Can you Make a Decent Income by trading?

Yes, yes and yes! You can make a decent income. What is the catch, you ask? Discipline, discipline and discipline! “We follow orders, son. We follow orders or people die!” This is a famous dialogue from the movie, “A few good men.” Same is the case with trading. If you do not follow the rules in trading, you lose money. Unless you are really lucky, the moment you throw your rules out of the window, you will lose. But luck will not save you in every trade. Same is the case with revenge trading and not exiting at the stop loss levels (stop order). If you avoid some basic mistakes, you can avoid losses. If you avoid losses, the job becomes a little easier to make money in the markets. Is there a holy grail to trade markets? Can one completely avoid losses? No.
Fellow trader and our friend Viswanathan mentions that there are only four possible outcomes in a trade.
- Big loss
- Big profit
- Small loss
- Small profits
What is a Big loss?
Any loss that makes you uncomfortable and makes you insecure is a big loss. Any loss more than 5% of your total capital is a big loss.
How to avoid a big loss?
Have a proper position sizing and a stop loss. You can choose your position size based on the stop loss too. Say, you have five lakhs in your trading account. And your system gives a buy at 8700 on Nifty futures with a SL of 8630. That is 70 points. 70 points on one lot (75 qty) is 5250 Rs. Let us assume the maximum loss you can incur in a single trade is 2%. Therefore you will buy only 2 lots. 2% on 5 lakhs is 10,000.
If you follow a proper position sizing and a proper SL, you will avoid big losses. Once it is avoided, the other possible outcomes are small loss, small profits, and big profits.
Once the position is in profits, do not check the MTM to exit your position. Wait till the objective of the trade is met. Trail the SL and wait till it is achieved or exit at the trailing SL.

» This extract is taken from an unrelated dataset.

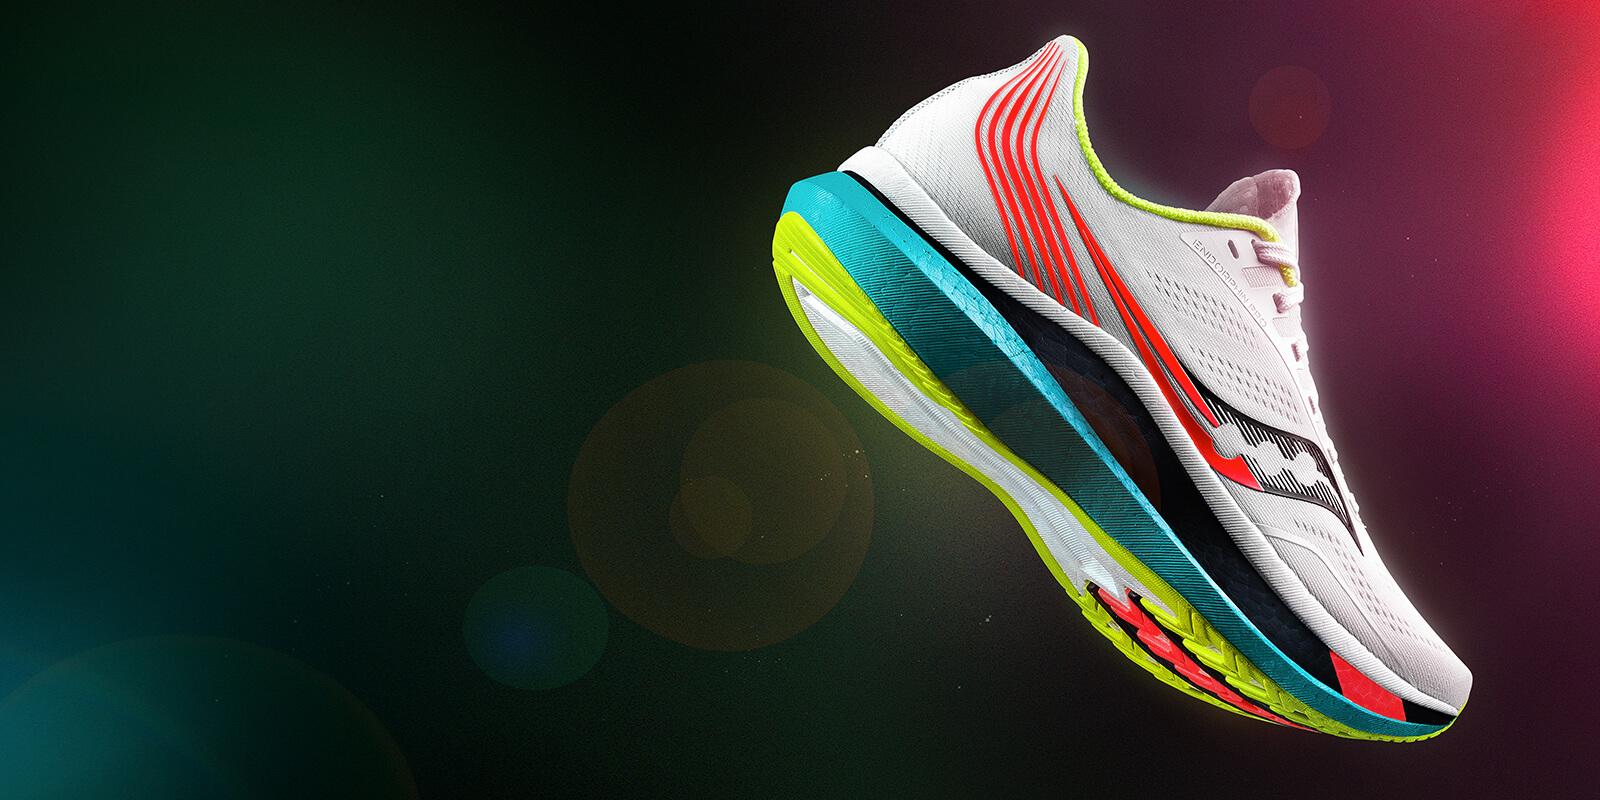 saucony runners ireland, OFF 79%,Free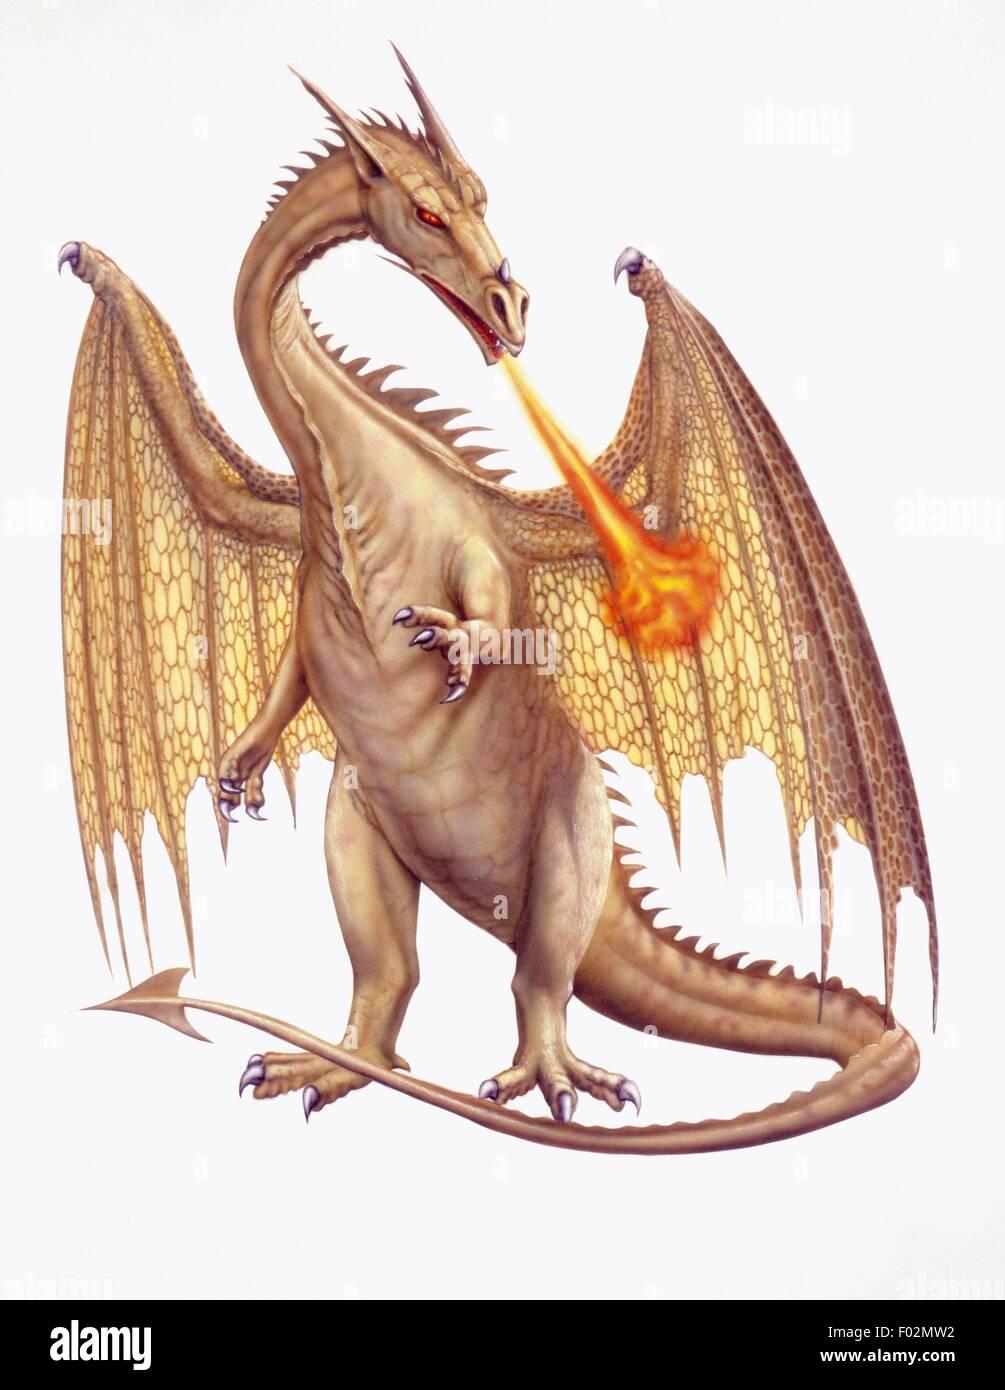 Dragon, fantastic animal. Illustration. - Stock Image

Now, the position sizing and SL portion of the trades are decided. What next? You need a strategy, a positive expectancy system. Let us say; you have developed a system. A trend based one. If you are satisfied after extensive back-testing, it is time for paper trading. If you start with a capital of 5 lakhs, start with two lots as we have calculated earlier. Give allowances for slippages and brokerage costs. You must test at least 40-50 trades. This may even take six months based on the time-frame you use. Throw your judgment out of the window and enter all the trades. Exit when the system says so. Now, if you decide to change any rules based on the outcome, make sure you do your back-testing again and then paper trade for 40-50 trades.
If you are satisfied with the outcome, start with one lot using real money. Why just one lot? The aim is to understand the slippages and other implementation costs and not to make profits immediately. Once you are completely satisfied, we can increase the lot size based on the stop loss.
One of our friends, who used to be a impulsive trader has developed a rule-based trading system which he abandoned mid-way. When we back-tested it, the results were amazing. If you would like to see how we are paper-trading it, click this link
Caution
- This is not a trading recommendation
- There will not be any SL or exit levels communicated in advance
- The updates may be delayed (there will be at least 2 minutes delay in updating it)
- Whenever we go long, we will buy a put to hedge it (to mitigate overnight risk. We usually buy around 3.20 PM)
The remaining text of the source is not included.